Given data —
________________

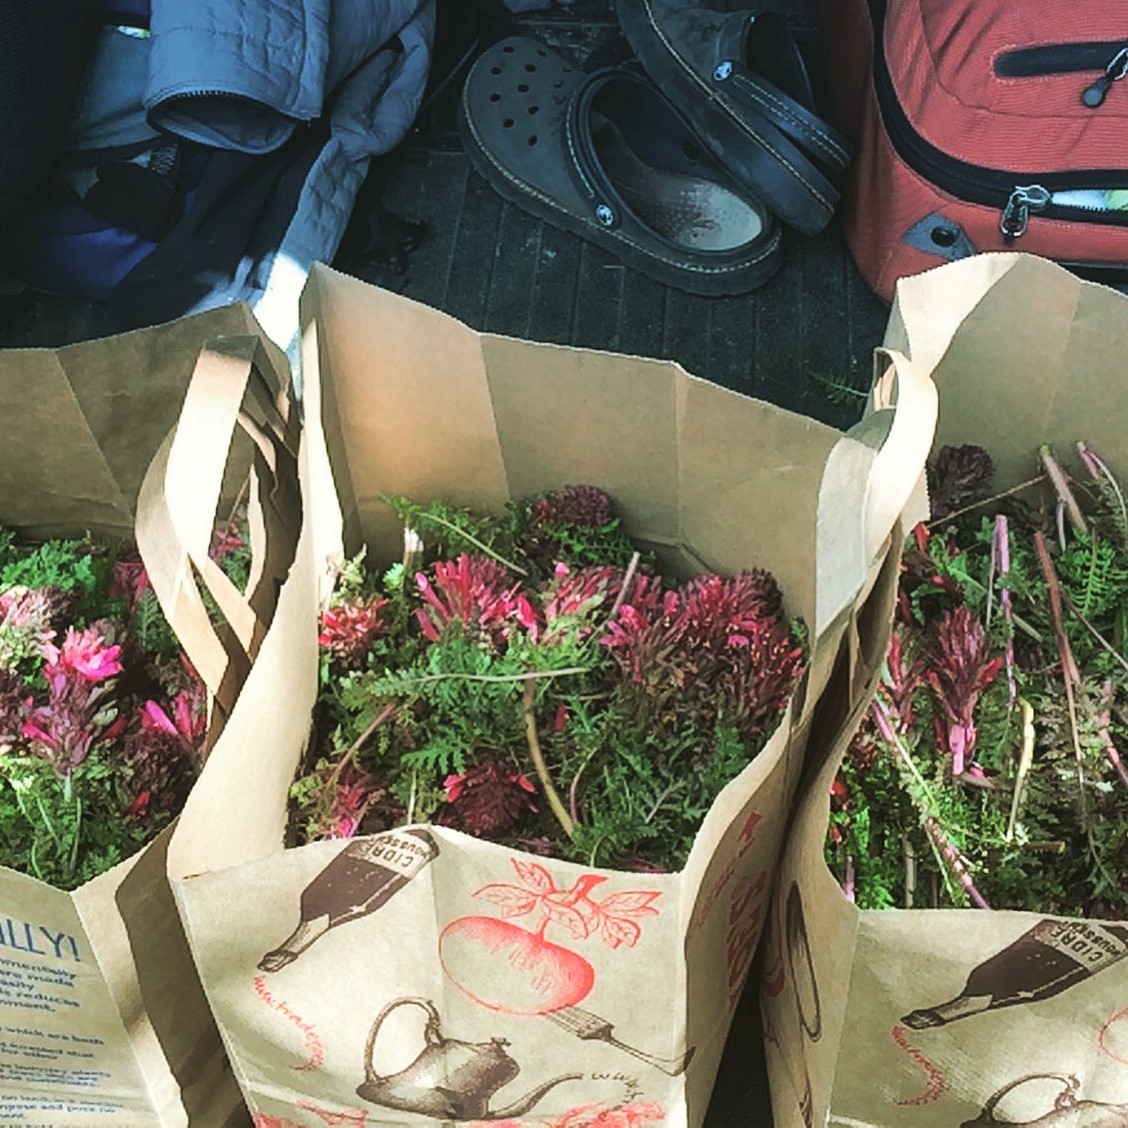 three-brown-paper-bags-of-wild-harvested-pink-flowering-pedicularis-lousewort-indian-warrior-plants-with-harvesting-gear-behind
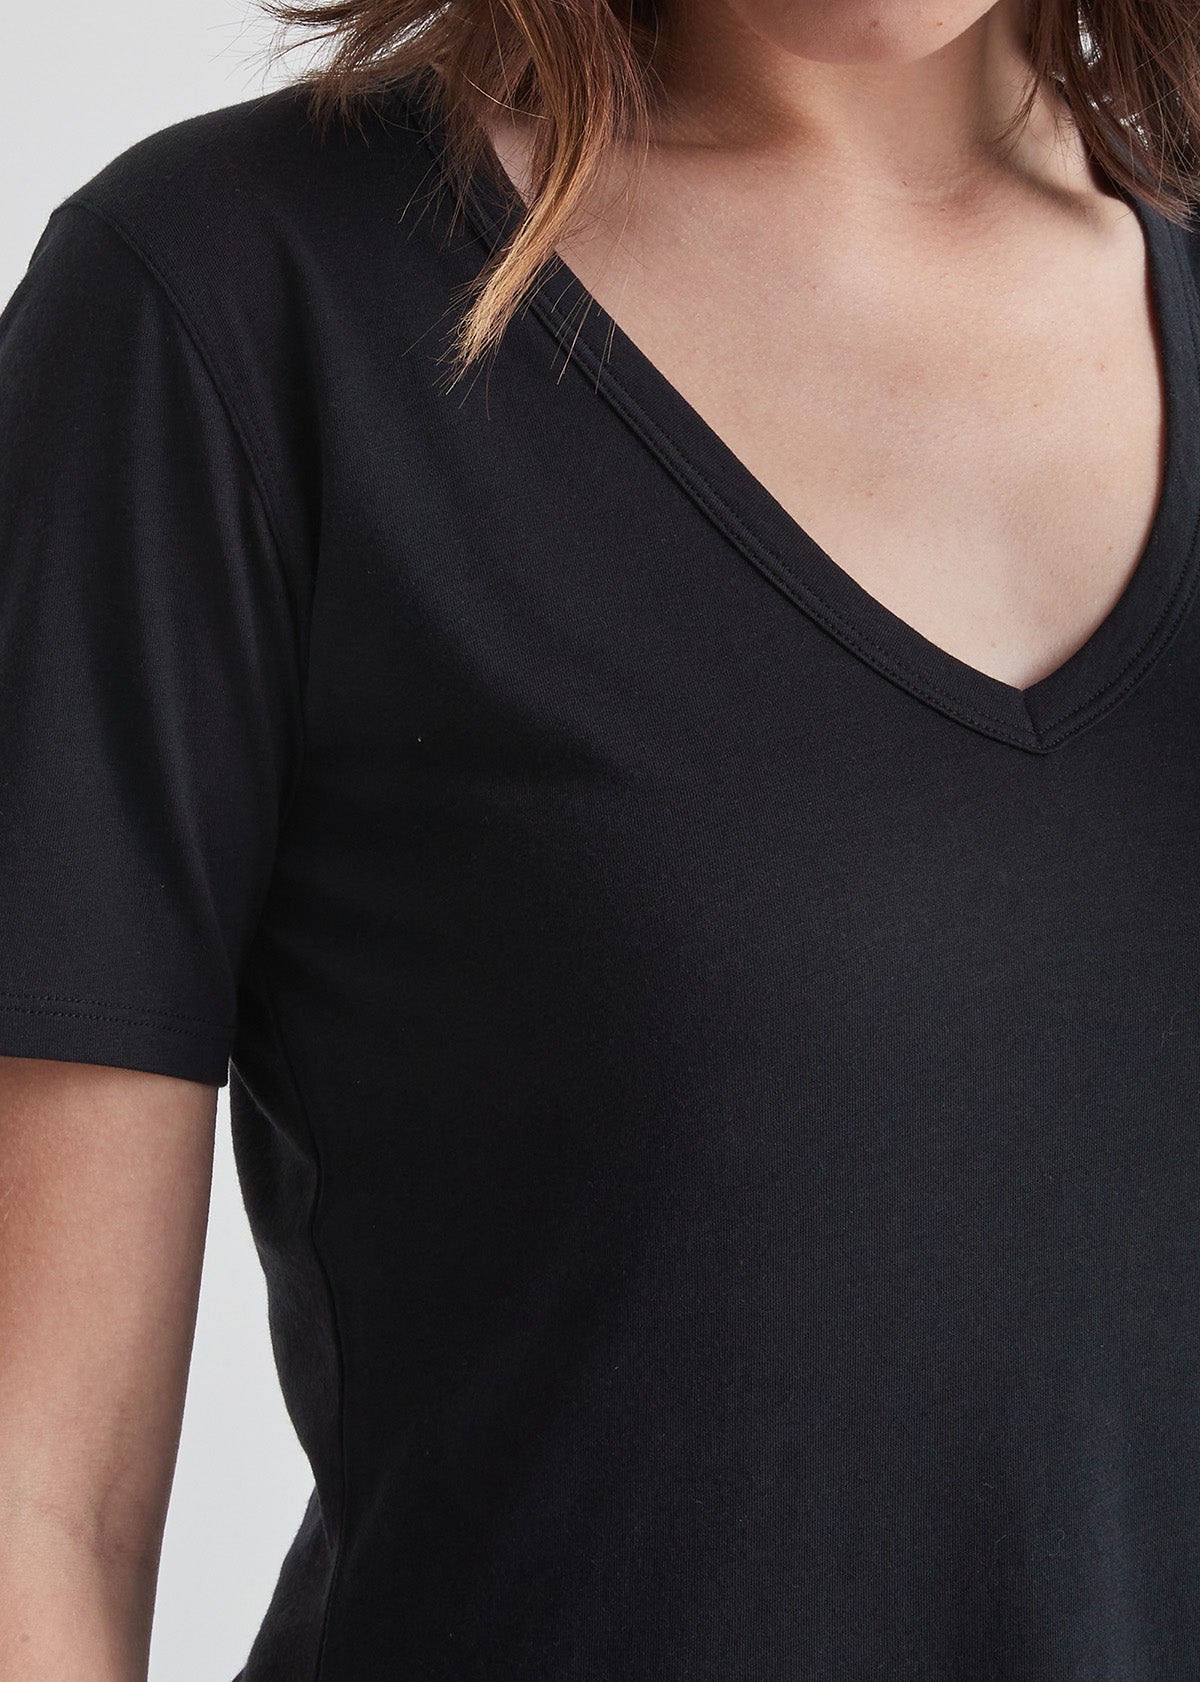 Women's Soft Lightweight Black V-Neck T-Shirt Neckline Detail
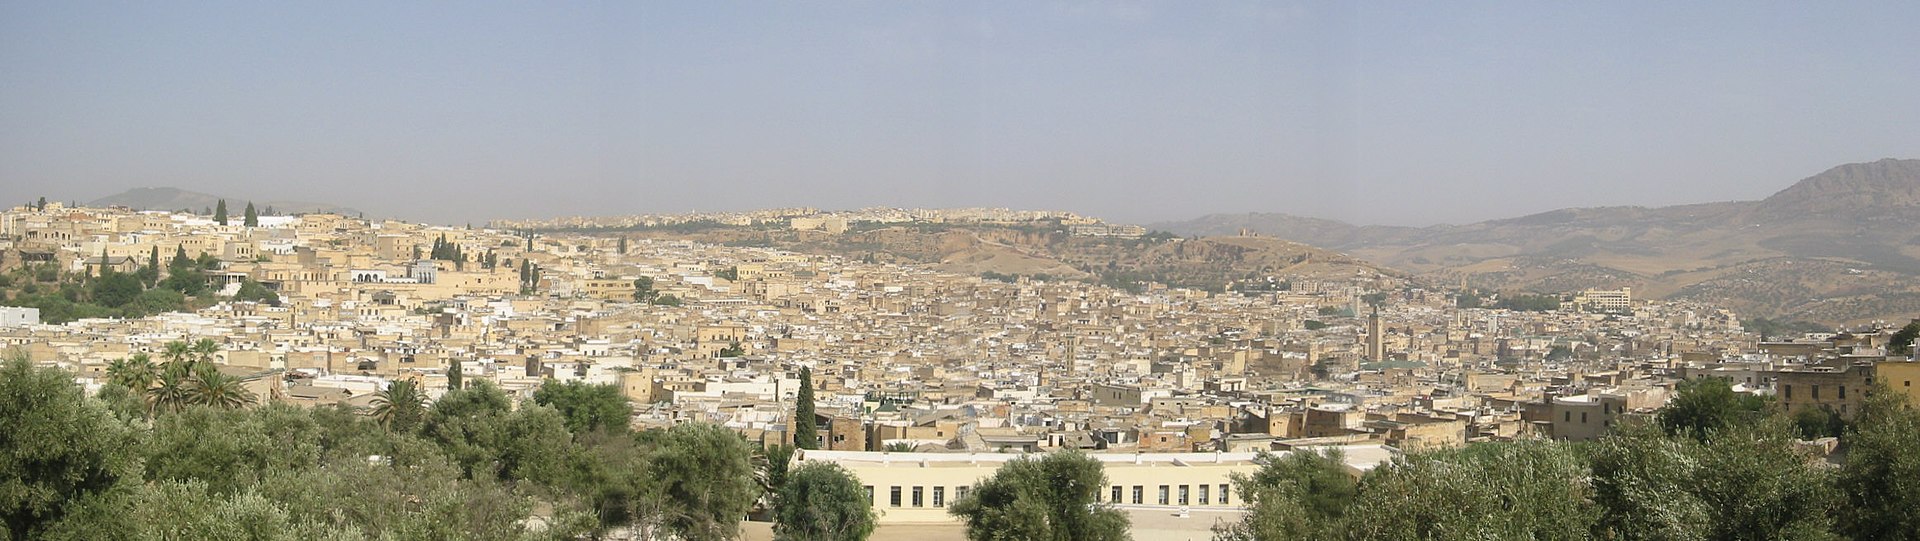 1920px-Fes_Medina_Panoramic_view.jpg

________________

Assigned task — From the first line to the last, copy the listing above exactly, dropping all images.

Task result —
 three-brown-paper-bags-of-wild-harvested-pink-flowering-pedicularis-lousewort-indian-warrior-plants-with-harvesting-gear-behind
 Women's Soft Lightweight Black V-Neck T-Shirt Neckline Detail
 1920px-Fes_Medina_Panoramic_view.jpg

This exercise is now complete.